Even if they are not released, the presence of terrorists in American prisons creates enormous security problems. In 2000, while purportedly preparing for his trial on charges of bombing U.S. embassies in Africa, an al-Qaeda inmate maimed a prison guard in an attempt to break himself and his confederates out of jail. Sayyid Nosair helped plot the 1993 World Trade Center bombing from Attica prison in New York, even as he recruited new terrorists and conspired to escape. Despite maximum-security confinement conditions, other WTC bombers were permitted to communicate by mail with overseas terror cells. And from the federal prison where he is serving a life sentence for terrorism, the notorious “Blind Sheikh,” Omar Abdel Rahman, issued the fatwa approving the 9/11 attacks. With the help of his now-convicted lawyer, he continued guiding his Egyptian terrorist organization.

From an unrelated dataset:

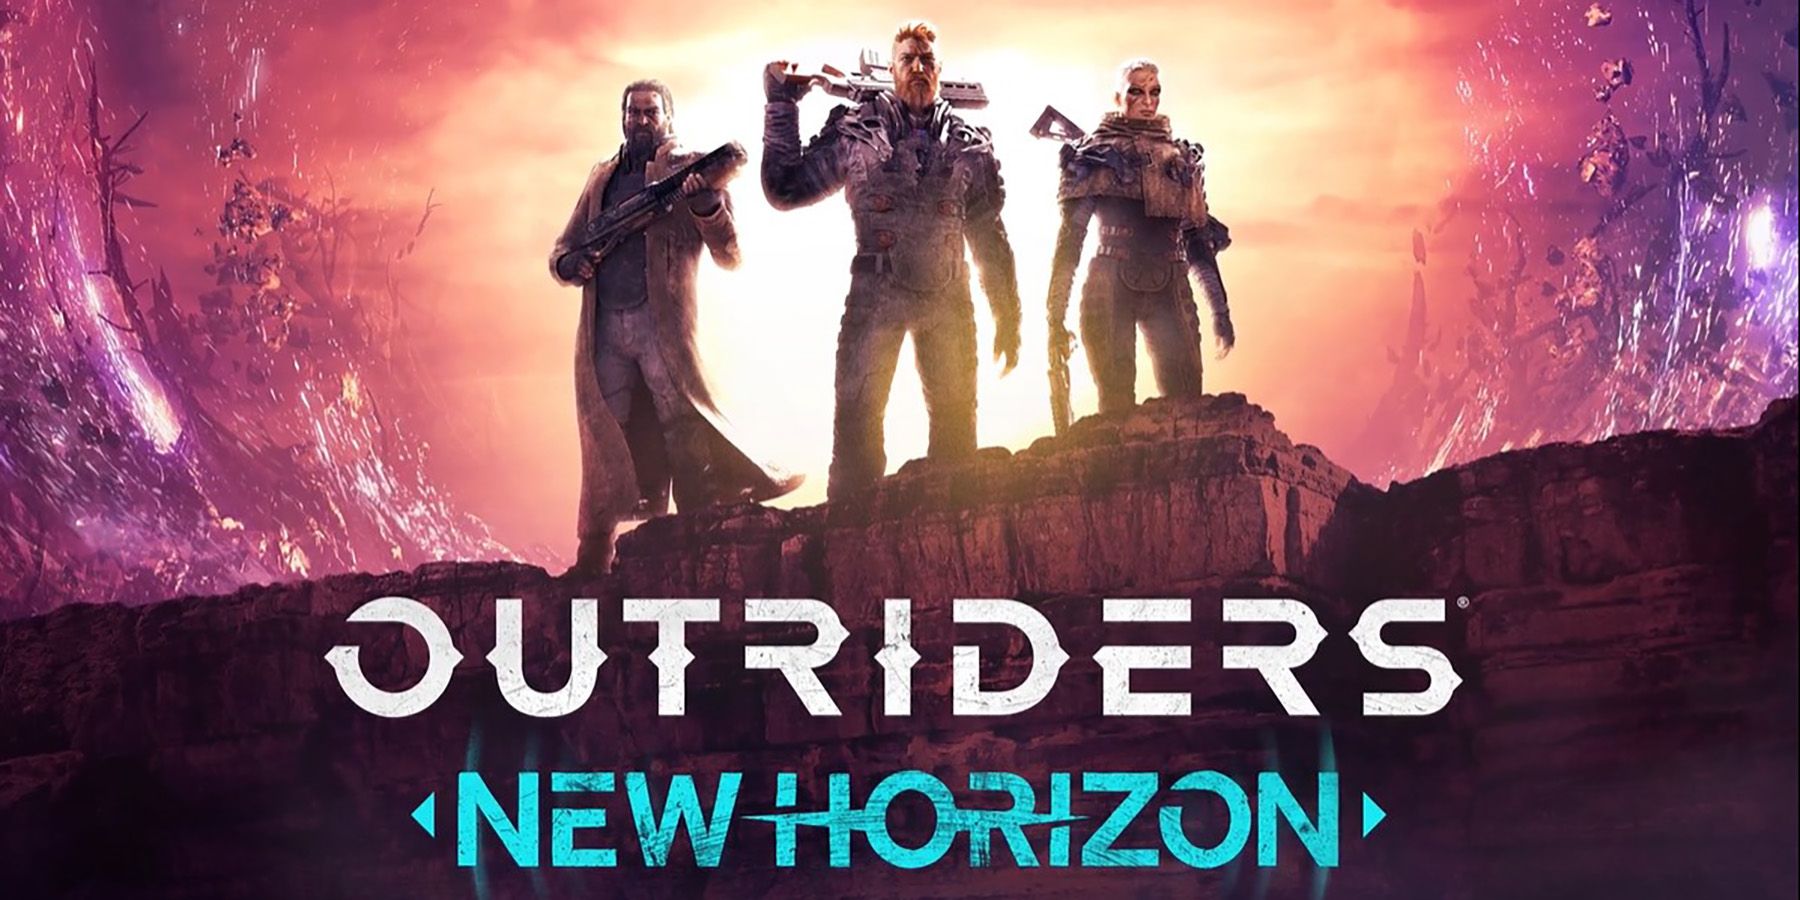 outriders new horizon update

Despite this record, the Obama administration says it can securely detain additional hundreds of terrorists. This claim would be hard to swallow even if Holder’s Justice Department were not now caving in to jihadists’ complaints that confinement conditions in civilian prisons are too onerous. DOJ has just moved the “shoe bomber,” Richard Reid, into the general prison population after he contended that heightened security measures designed to hinder terrorists violated the First Amendment by denying his alleged right to communal prayer with other jihadists.
The detainees should be kept at Gitmo. Situated on a U.S. naval base outside the country, it optimizes security and minimizes the threat imprisoned terrorists pose to the public. It is a fastidiously humane facility. With the trumped-up critiques of Gitmo muted by the embarrassing reluctance of its severest European critics to accept custody of the prisoners, none but the most inflexible leftists are bothering about its continued operation. Gitmo is money well spent. The TCC would be money poorly spent — and a dangerous blunder.